Thursday, May 15, 2025

Mexico Interest Rate

The Bank of Mexico lowered its key rate by 50 bps to 8.50% on May 15th, as annual inflation eased to 3.93% in April and the domestic economy registered a modest 0.2% quarter-on-quarter expansion after earlier weakness. 

The release indicated that the Board could continue calibrating similar 50 bps cuts, anticipating that the disinflation process will allow a further easing cycle while maintaining a restrictive stance. 

However, the central bank remains cautious amid elevated global uncertainty—ranging from US trade tensions to geopolitical conflicts—that could either reignite inflation via peso depreciation or deepen the economic slowdown. 

While progress towards the 3% inflation target is on track, with forecasts pointing to convergence by the third quarter of 2026, members underscored the importance of a flexible policy framework to manage inflation expectations and preserve financial stability, particularly given the peso's recent appreciation. 
source: Banco de México

US Retail Sales

US retail sales rose by 0.1% mom in April 2025, following an upwardly revised 1.7% surge in March. 

The modest gain suggests consumers scaled back spending in response to a wave of tariff announcements in early April, yet the result still exceeded market expectations for no change. 

Biggest increases were seen in sales at food services and drinking places (1.2%), building material and garden equipment supplies dealers (0.8%), furniture (0.3%) and electronics and appliances stores (0.3%). 

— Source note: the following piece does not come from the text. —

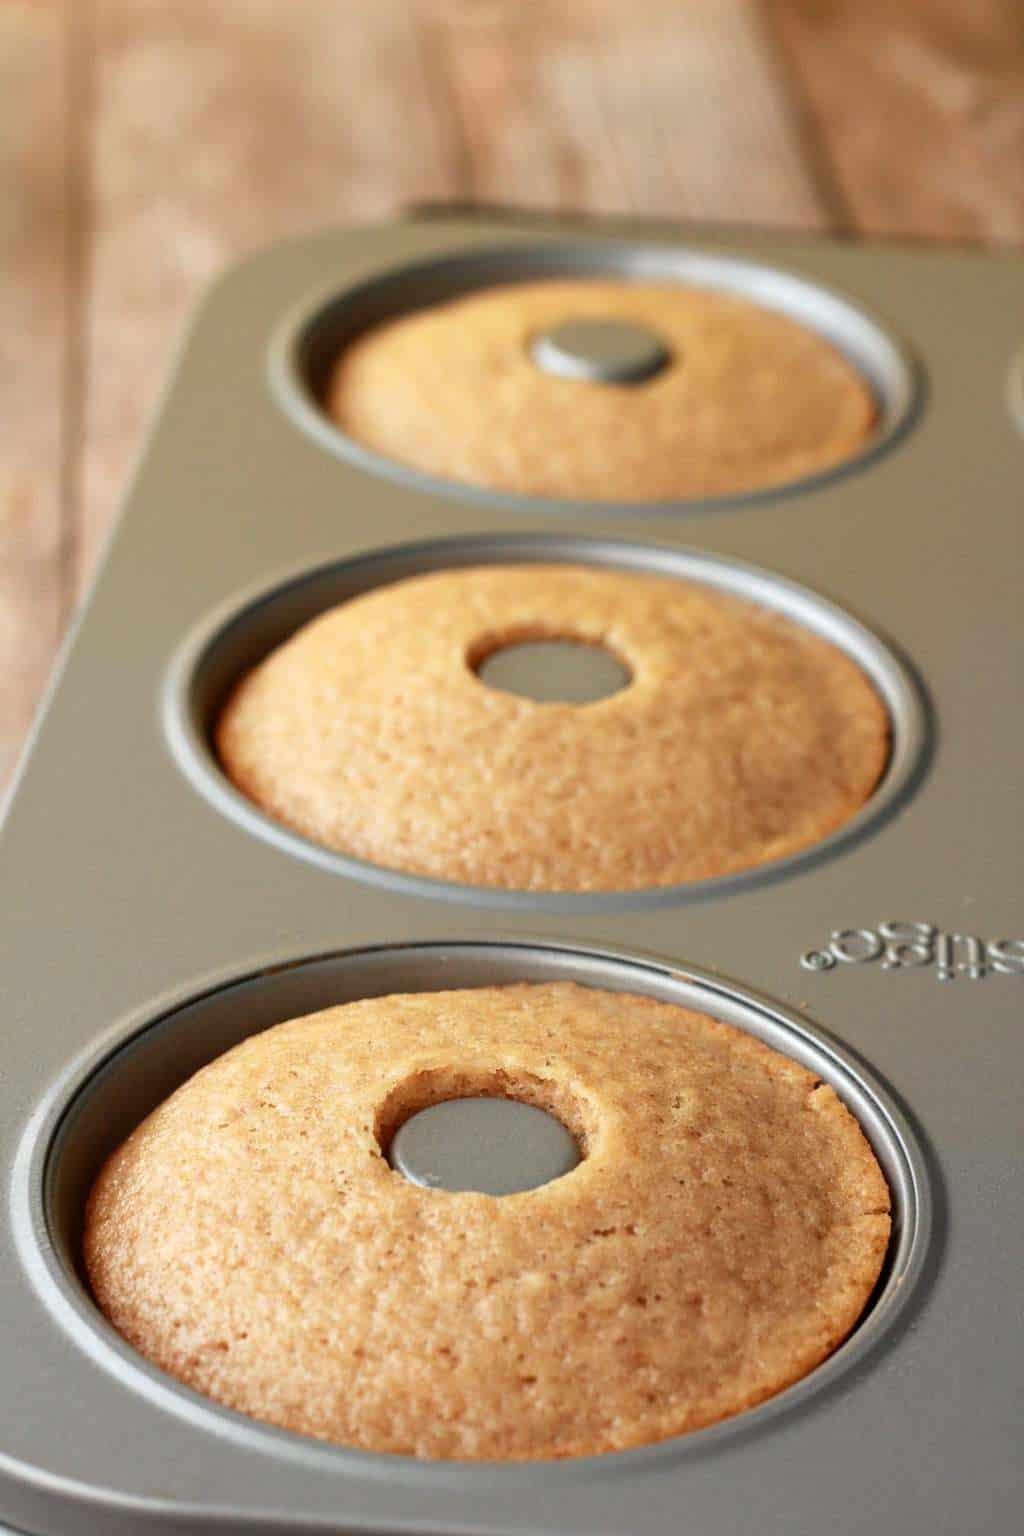 Making Baked Vegan Donuts #vegan #lovingitvegan #donuts #dessert

On the other hand, the largest decreases were recorded at sporting goods, hobby, musical instrument, & book stores (-2.5%), miscellaneous store retailers (-2.1%), gasoline stations (-0.5%), clothing (-0.4%), health and personal care (-0.2%) and general merchandise stores (-0.2%). 

Meanwhile, sales excluding food services, auto dealers, building materials stores and gasoline stations, which are used to calculate GDP, were down 0.2%, below an upwardly revised 0.5% gain in March and forecasts of a 0.3% rise.
source: U.S. Census Bureau

US Producer Price Inflation MoM

US producer prices fell by 0.5% in April 2025, following a revised flat reading in March and defying market expectations of a 0.2% increase. 

This was the first decline in the PPI since October 2023 and the sharpest drop since April 2020, during the early aftermath of the COVID-19 outbreak. 

The decline was largely driven by a 0.7% fall in service costs, the largest since data collection began in December 2009, primarily due to a 1.6% decrease in margins for trade services, suggesting businesses may be absorbing some of the impact from higher tariffs. 

Prices for final demand services excluding trade, transportation, and warehousing fell 0.3%, while transportation and warehousing services dropped 0.4%. 

Meanwhile, goods prices were flat in April, as a 1.0% decrease in food costs and a 0.4% decline in energy prices offset other components. 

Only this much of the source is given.